**EXERCISE PROMPT**
Pictures in the listing below are skipped, while the lines from the "BOSCH 0 432" line through the "Wonderfold Wagon: A" line are returned word for word.

*** RECORDS TO USE ***

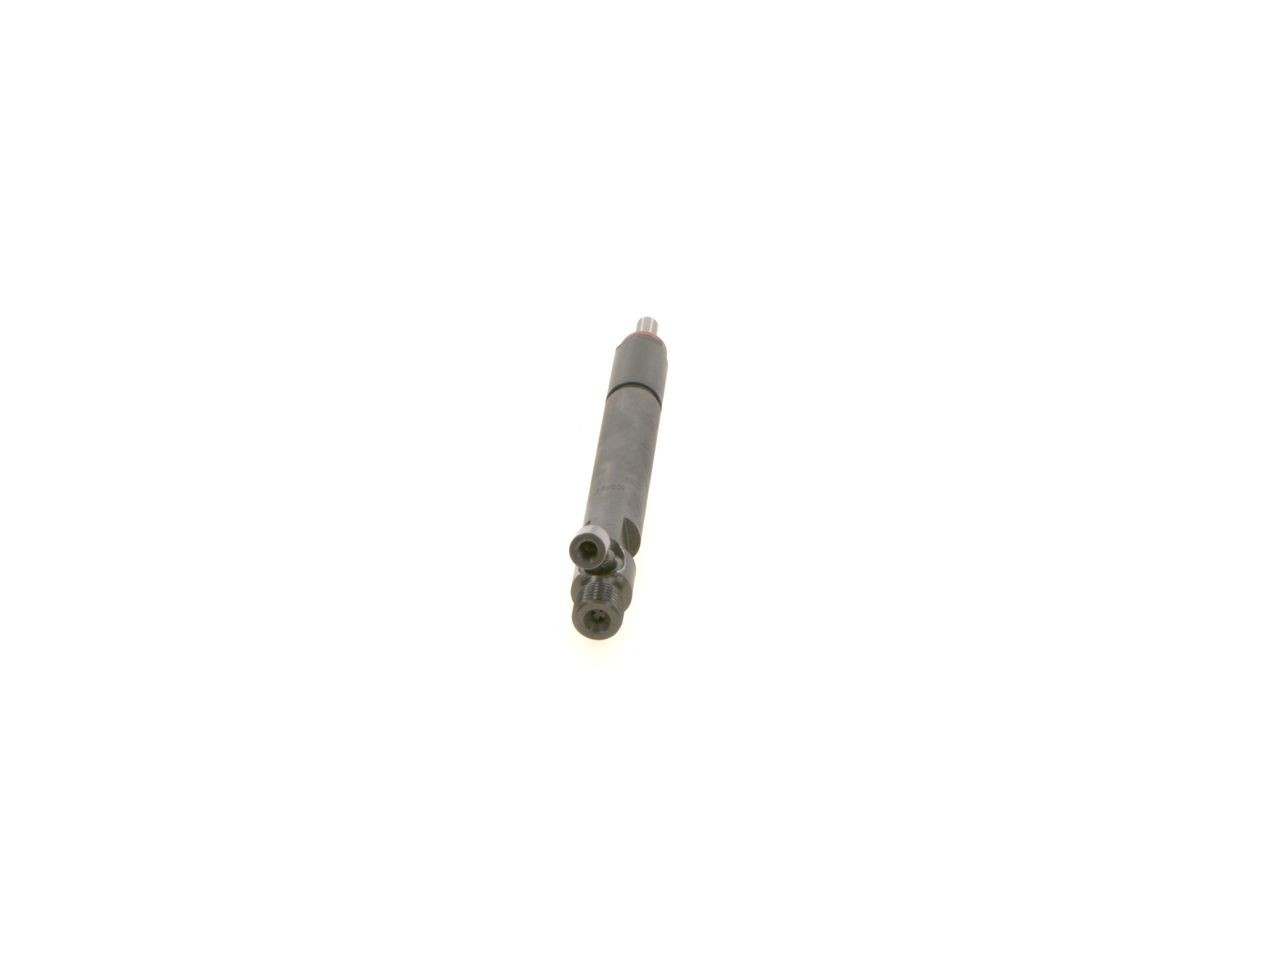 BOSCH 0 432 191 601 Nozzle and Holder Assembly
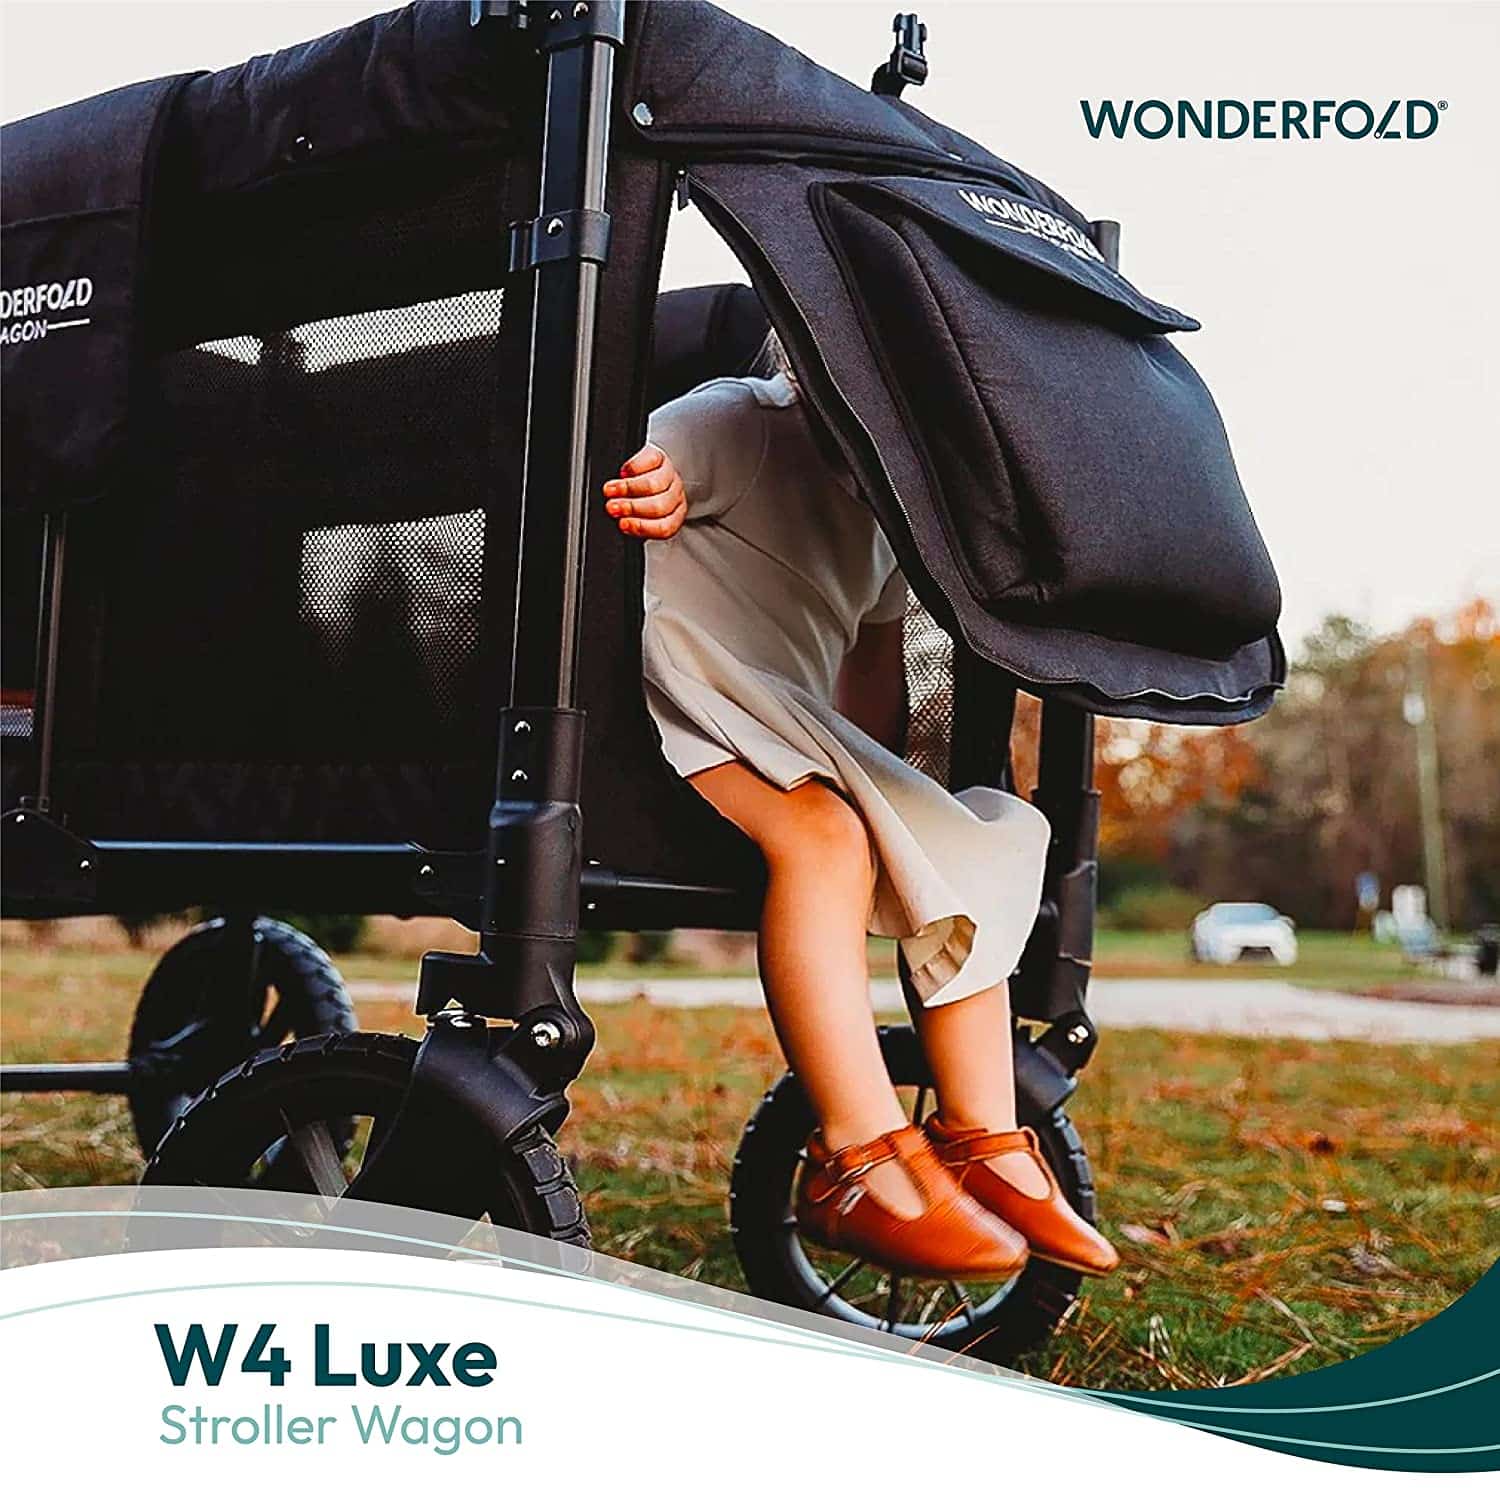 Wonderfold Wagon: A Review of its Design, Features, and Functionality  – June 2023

***
*** RECORDS TO USE ***

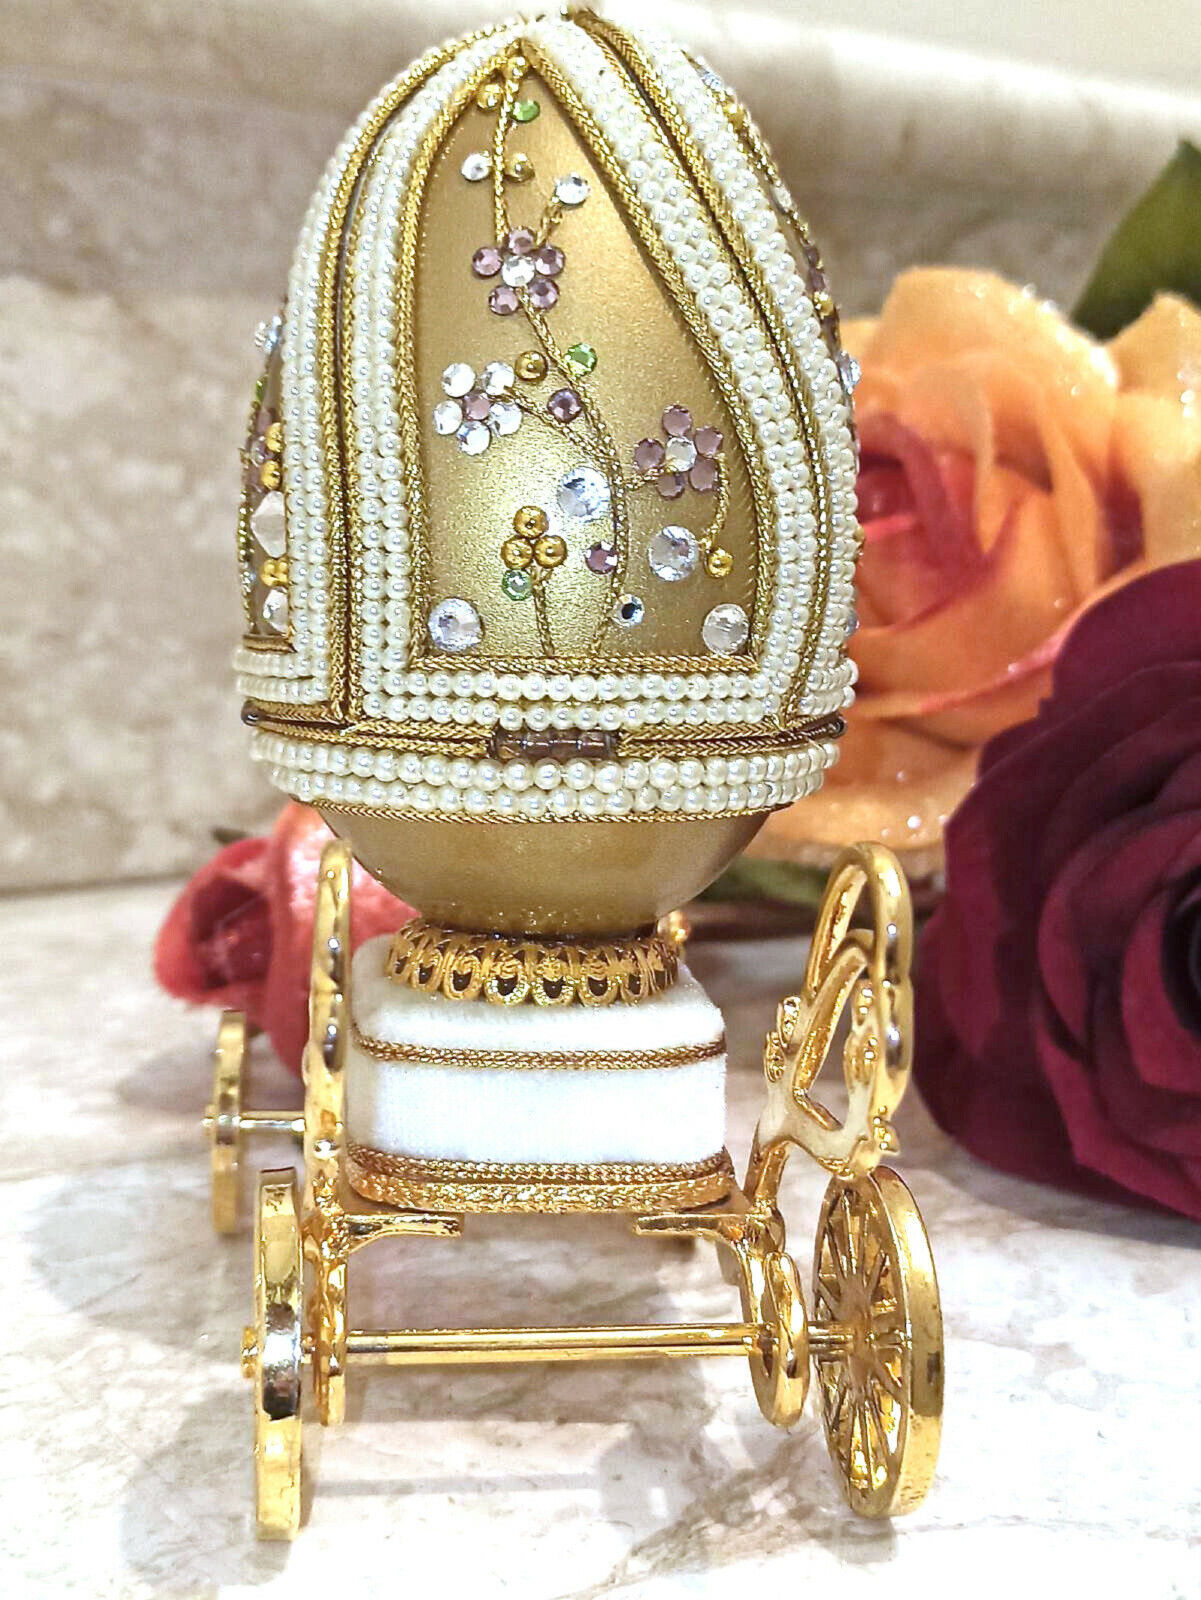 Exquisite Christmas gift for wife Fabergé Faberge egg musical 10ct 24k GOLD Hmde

***

**TASK RESULT**
 BOSCH 0 432 191 601 Nozzle and Holder Assembly
 Wonderfold Wagon: A Review of its Design, Features, and Functionality  – June 2023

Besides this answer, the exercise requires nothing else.